Его выпад означал прежде всего, что он предполагал, будто я выживу в том испытании, которое мне сегодня предстояло. Как ни странно, его уверенность придала мне силы, и я улыбнулся, глядя прямо в ему в лицо. Бедный Сэм! На какое-то мгновение мне снова показалось, что он бросится на меня. Но он повернулся и поспешил прочь.

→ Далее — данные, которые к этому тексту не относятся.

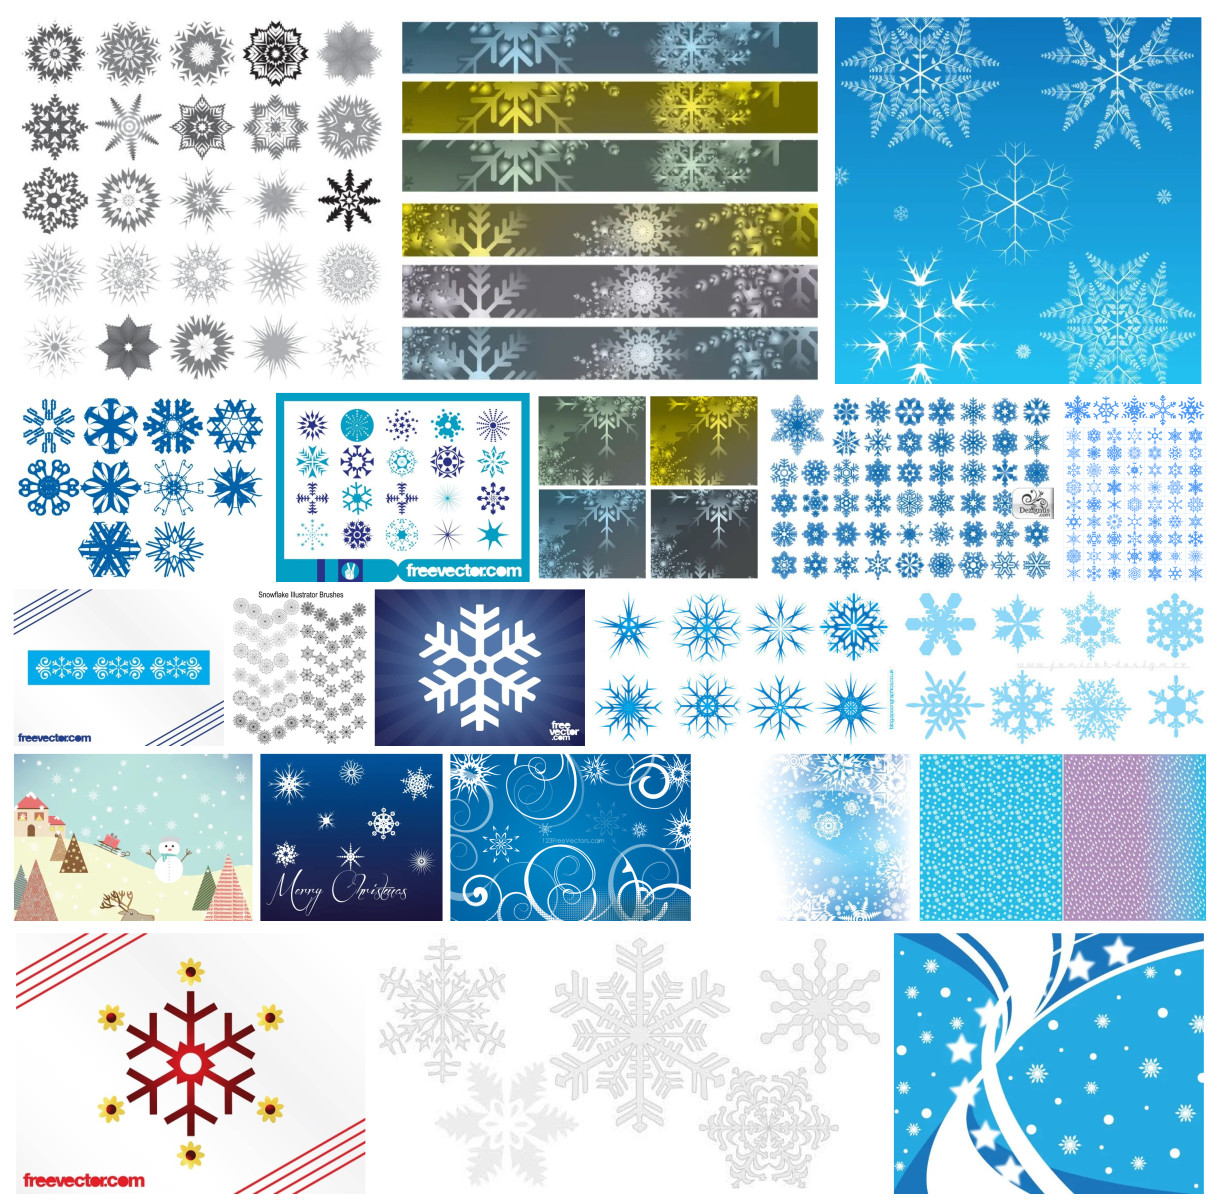 The Artistic Array of Snowflakes Vector Designs

* * *Матаморос, место, куда мы направлялись, значилось на карте крупного масштаба, и мы без труда нашли его, увидев старый деревянный причал, полусгнивший в реке, и почти заросшую посадочную площадку. Да и путь к домику, достаточно широкий, чтобы по нему проехать в экипаже, все еще сохранился.
Катер крадучись приближался к причалу. Двое солдат лежали наготове у своих пулеметов "льюис", остальные десять с винтовками притаились за полотняным занавесом по правому борту. Ими командовал мой старый друг по оружию, сержант Лима.
Мы ткнулись в причал, всего в двадцати ярдах от зеленой стены леса. Двое солдат перескочили через поручни и удерживали катер канатами, а машина понемногу сбавляла обороты, готовая, если потребуется, унести нас от беды, включив полную мощность.